====== Extracted material

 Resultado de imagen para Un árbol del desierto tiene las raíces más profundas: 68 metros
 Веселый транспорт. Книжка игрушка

============
====== Extracted material

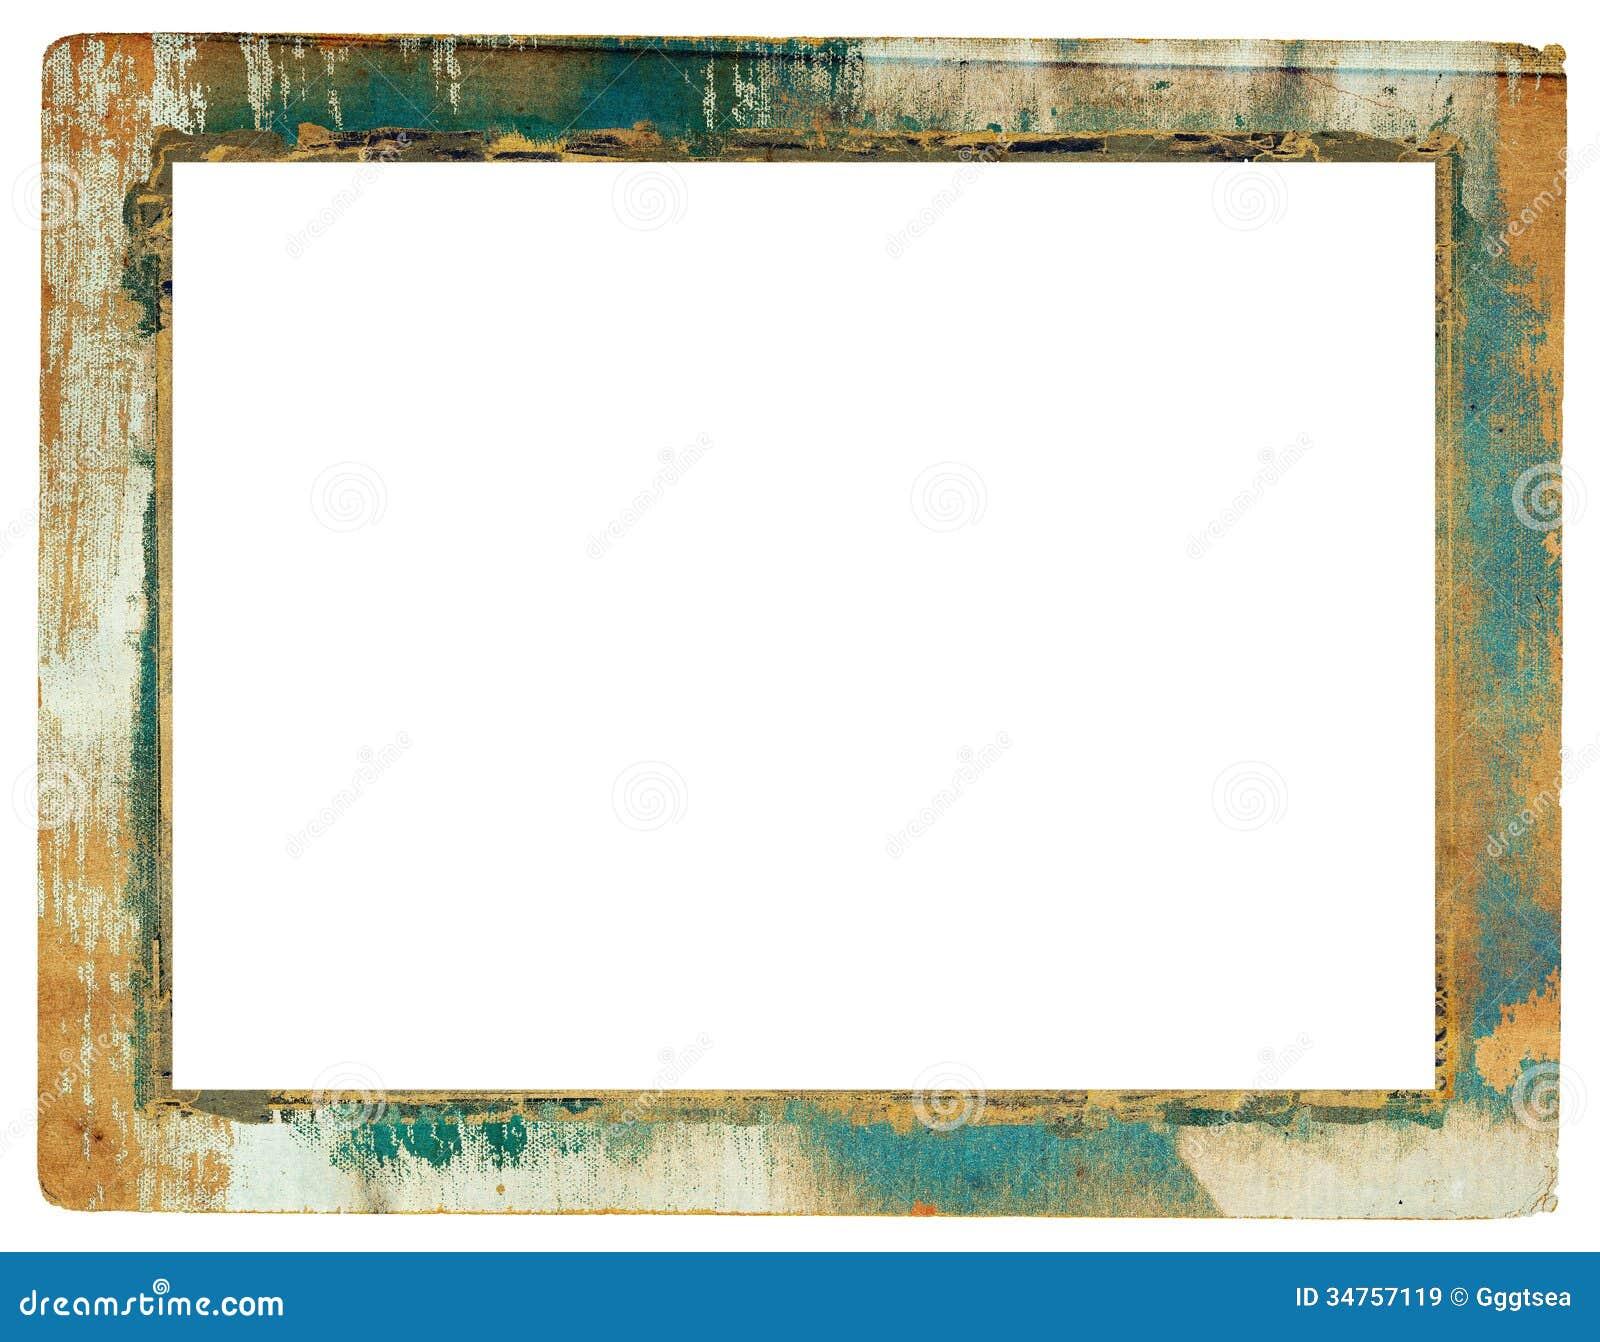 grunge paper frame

============

_Exercise goal_: Search the listing above for the lines with "Resultado de imagen" and "Веселый транспорт. Книжка игрушка", then output those lines and all lines between them exactly.

_Reply_:
 Resultado de imagen para Un árbol del desierto tiene las raíces más profundas: 68 metros
 Веселый транспорт. Книжка игрушка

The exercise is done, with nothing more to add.